Whether in person or via Zoom, I have spent the last few months in front of Chicano studies groups, church groups, law classes, humanitarian groups and so on giving a specific lecture. This essay is the basis of that discussion that has left many of my listeners and followers heartbroken and forced to face a reality they did not understand nor thought they would ever face: the US immigration system is a slow genocide.


I was fortunate to join the US Border Patrol just a year after the first deterrence based immigration policies hit the ground running in San Ysidro, California in October of 1994. Fortunate because it would help me understand how far we have gone in such a short time.

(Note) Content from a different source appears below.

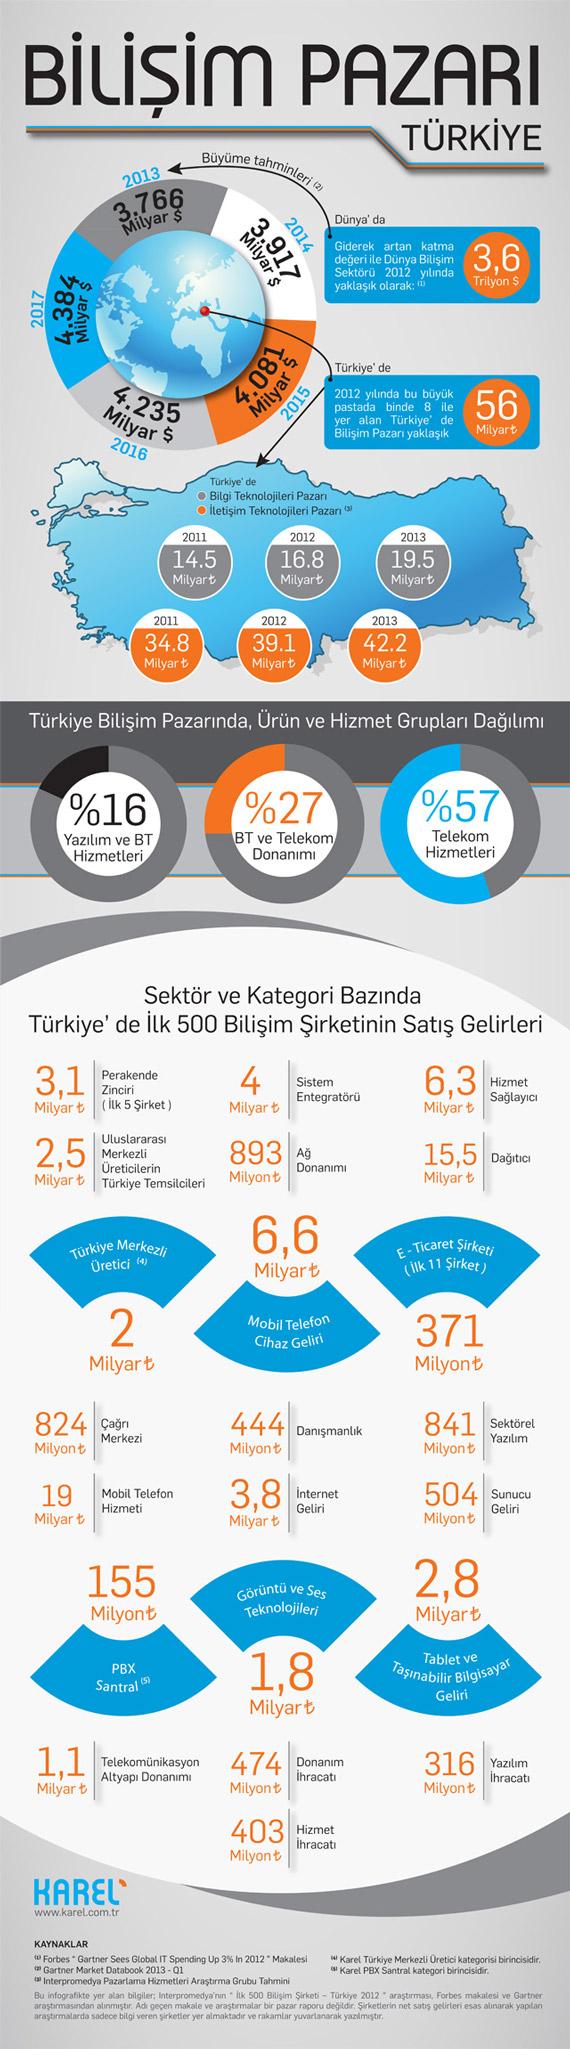 bilisim-pazari-turkiye-info

I was assigned to the east mountains in San Diego County at the old Campo Station located right on the border near the Pacific Crest Trail that was used for centuries by Indigenous tribes and European explorers and settlers. During my first year there, I learned that many migrants and asylum seekers would cross in our patrol area and hike the dangerous canyons and mountains for days just for a chance of obtaining work or safety. Even before deterrence policies, it was not unusual for us to find migrants who had succumbed to the dangerous terrain. In the winter, it often snowed and they would freeze to death. In the summer, the temperatures would cause dehydration, heat sickness and death.


When I arrived at Campo Station in November of 1995, the now infamous deterrence wall that has been rebuilt over and over by different administrations on both sides of the political aisle was still slowing making its way to our western patrol area. Back then, Campo Station's patrol area consisted of a little over fifty Border Patrol agents for approximately thirty-five miles of linear border as well as the new Interstate 8 Checkpoint and the Laguna Mountains north of there.


Finding migrant bodies was not an everyday thing back then, but it was an every season experience. When we received news of a possibly injured or dead migrant, we were responsible for tracking the footprints of their groups until we found them. We had no special teams, no special search and rescue equipment. Just a .357 revolver, a baton, a radio that didn't work well in the mountains and as much water as we could carry. Our most senior agents were expert trackers or sign-cutters and they would be sent in first. After ten or twelve hours, they would be replaced with oncoming agents with more energy.


Whether we found migrants dead or alive, they were considered the lucky ones. We knew even back then that most who perished out there would never be found. Many came from poor families which is why the trip was necessary in the first place. The chances that their loved ones would even know where to look or who to call for help were slim from the outset. The chances of us finding the one group when thousands were crossing our area in the mid 1990s were even slimmer though we did find many. Most often we found them when we were just simply following a group and no rescue had been requested.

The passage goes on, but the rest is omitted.